***** Records provided *****

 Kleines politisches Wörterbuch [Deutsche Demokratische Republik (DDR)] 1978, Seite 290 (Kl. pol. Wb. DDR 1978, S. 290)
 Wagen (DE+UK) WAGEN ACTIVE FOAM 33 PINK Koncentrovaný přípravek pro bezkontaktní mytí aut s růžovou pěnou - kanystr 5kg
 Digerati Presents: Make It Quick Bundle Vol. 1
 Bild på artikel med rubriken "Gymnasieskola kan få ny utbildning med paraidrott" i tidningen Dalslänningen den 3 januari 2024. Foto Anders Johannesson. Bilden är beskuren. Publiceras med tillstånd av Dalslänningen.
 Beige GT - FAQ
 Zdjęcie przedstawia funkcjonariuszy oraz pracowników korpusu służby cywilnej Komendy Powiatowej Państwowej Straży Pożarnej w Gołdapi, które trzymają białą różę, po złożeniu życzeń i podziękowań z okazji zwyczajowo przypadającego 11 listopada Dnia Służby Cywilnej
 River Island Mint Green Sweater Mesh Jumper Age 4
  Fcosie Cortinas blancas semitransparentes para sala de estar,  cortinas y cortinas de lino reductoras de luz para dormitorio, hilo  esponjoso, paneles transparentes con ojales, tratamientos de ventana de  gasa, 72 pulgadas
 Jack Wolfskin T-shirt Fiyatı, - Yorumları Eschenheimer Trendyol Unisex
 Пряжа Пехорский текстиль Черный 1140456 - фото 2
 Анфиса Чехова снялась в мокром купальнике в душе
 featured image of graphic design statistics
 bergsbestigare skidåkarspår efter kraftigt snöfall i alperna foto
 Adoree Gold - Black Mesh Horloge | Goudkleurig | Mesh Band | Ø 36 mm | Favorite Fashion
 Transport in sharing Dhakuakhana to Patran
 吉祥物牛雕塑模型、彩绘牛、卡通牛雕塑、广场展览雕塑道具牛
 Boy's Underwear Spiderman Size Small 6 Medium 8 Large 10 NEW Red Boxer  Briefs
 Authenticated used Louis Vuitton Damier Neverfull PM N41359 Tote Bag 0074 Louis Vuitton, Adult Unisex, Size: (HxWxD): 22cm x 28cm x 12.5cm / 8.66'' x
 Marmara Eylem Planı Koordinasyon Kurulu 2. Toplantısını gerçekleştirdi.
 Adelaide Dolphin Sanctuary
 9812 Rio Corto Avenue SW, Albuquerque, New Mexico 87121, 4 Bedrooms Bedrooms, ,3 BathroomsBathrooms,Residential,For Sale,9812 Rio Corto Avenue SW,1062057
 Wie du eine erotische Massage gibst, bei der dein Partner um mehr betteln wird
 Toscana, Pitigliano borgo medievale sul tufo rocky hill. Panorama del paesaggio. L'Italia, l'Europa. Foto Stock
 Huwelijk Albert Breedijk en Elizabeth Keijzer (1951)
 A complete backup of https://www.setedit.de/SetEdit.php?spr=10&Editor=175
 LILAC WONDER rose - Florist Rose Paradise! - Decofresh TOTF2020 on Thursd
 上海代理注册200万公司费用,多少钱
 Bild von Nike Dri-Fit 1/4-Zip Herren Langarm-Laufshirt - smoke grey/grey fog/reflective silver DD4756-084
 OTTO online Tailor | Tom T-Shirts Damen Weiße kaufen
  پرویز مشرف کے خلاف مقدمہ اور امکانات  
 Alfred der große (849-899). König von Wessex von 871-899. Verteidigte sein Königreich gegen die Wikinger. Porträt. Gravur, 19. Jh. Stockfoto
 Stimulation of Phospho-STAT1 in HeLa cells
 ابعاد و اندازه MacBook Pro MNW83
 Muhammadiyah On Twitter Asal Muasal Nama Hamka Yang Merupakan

*****

*What is being asked:* From the entries above, copy out every line where the string "Unisex" appears.

*Result of this exercise:*
 Jack Wolfskin T-shirt Fiyatı, - Yorumları Eschenheimer Trendyol Unisex
 Authenticated used Louis Vuitton Damier Neverfull PM N41359 Tote Bag 0074 Louis Vuitton, Adult Unisex, Size: (HxWxD): 22cm x 28cm x 12.5cm / 8.66'' x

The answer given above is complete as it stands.